After about 12 hours of head-bobbing and white-knuckled hand bracing on dark, mountainous roads, the bus came to a halt on a pitch-black, empty stretch of highway. The driver came to the back of the bus to relate the following to me, “Dharmsala.” Looking out the window it was readily apparent from the absence of light that we were nowhere near any city. I said, “Where?” He said, “Oh, just there!” pointing to the blackness out of the window. “You can catch a bus from here.”

 

Damn it! I thought I had already caught a bus! What is this? I paid full price to go to Dharmsala!

 

Those were the statements I considered screaming but a cool head got the better of me. I didn’t want to be the ugly American. Besides, this was India.

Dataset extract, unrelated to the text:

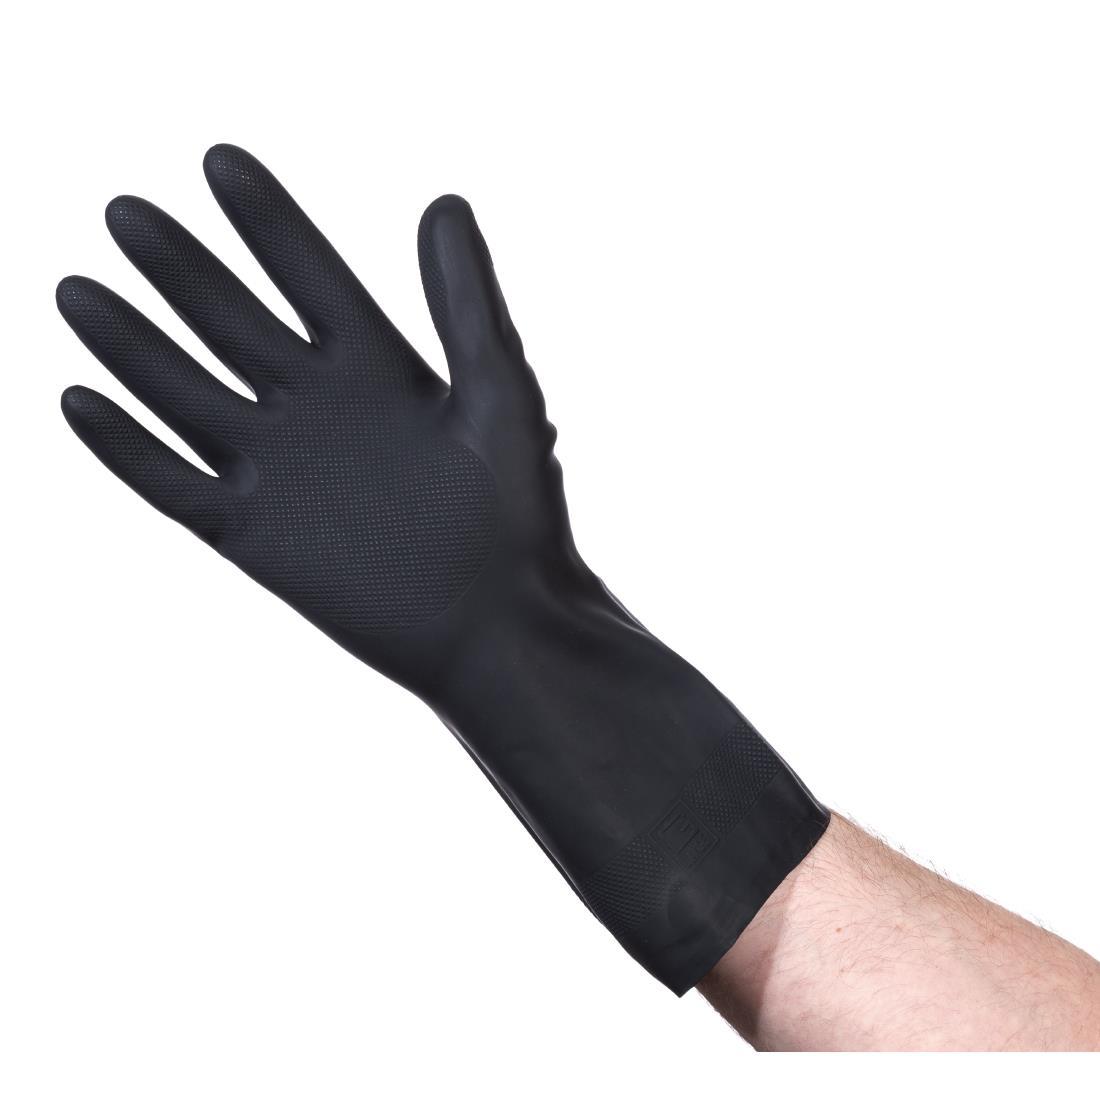 MAPA Cleaning and Maintenance Glove L - F954-L  - 1

I understood India like I understood the intricacies of quantum physics or Rush Limbaugh’s logic. To me, India was inside out, backwards, upside down and opposite of any reality I had experienced. And I was always the one who was out of place and incorrect.

 

Tyson, calm yourself. It could be worse.

 

So I gathered myself, slowly stood up, somberly, and stepped off the bus into the darkness. Not even the moon was there to help lighten my surroundings. Handing me my bag, the driver pointed toward the black abyss again.

 

Dharmsala.”

 

Sure, buddy.

 

I can sometimes see the look of apology on someone’s face when they know I have been wronged but are unable to do anything to help the situation. That is the look the driver gave me as the bus sputtered off. I hate that look because when I see it I know I am screwed.

 

It was 3:30 am. I could tell I was on a road, but without light that’s about all I could make of my surroundings. The area was deathly dark, still and quiet. Feeling blindly through the shadows I found a structure of some sort on the side of the road. Maybe it was an old, rundown food stall. Because no traffic was passing I knew I wasn’t going anywhere for several hours at least. I thought I might as well get comfortable. Sitting inside the structure on what seemed like a pile of wood scraps, I tried to contort my body to mold to the perplexing angle of the pile. I slumped into a laying position, pieces of wood stabbing me from all sides. It felt like lying on a bed of nails. Collapsing my shoulder and head onto my backpack I felt I might actually have a position I was capable of maintaining for a couple hours until I could make out my surroundings in the morning. Then I heard a growl from below.

 

Only a few feet away from me, just inches from my outstretched leg, was a feral animal of some variety. Of course, I couldn’t see it; I could only tell how close it was from its growl. I didn’t dare jump up and move. I just grabbed a sharp piece of lumber from under the pile in case I needed to protect myself. The beast had to be as scared of me as I was of it. Om, right? Maybe it was just identifying itself. It was probably fortunate I couldn’t see what or where it was because I didn’t have anywhere else to go. I just accepted that this night I would be sleeping in the company of, and perhaps protected by, a pack of wild Indian dingoes.

 

And rats. I could hear things rustling and racing around below my wooden sleeping pile for the next several hours. Paralyzed, I don’t remember if sleep came or not. I just became part of my surroundings. The next morning, when light hit, I lifted my sore body and frazzled nerves up off the woodpile and walked back to the road. A half an hour later I caught a bus up the hill, in the direction the driver had pointed, to Dharmsala.

 

These situations were no doubt intriguing and intense, and by all rational logic, should’ve quelled my hankering for experiencing street life. However, both of these experiences occurred against my will. I had homelessness thrust upon me. I still yearned for a down-and-out situation that I had control over. One where I could choose my own adventure and carve out my own reality.

 

Where better than on the streets of glorious Paris?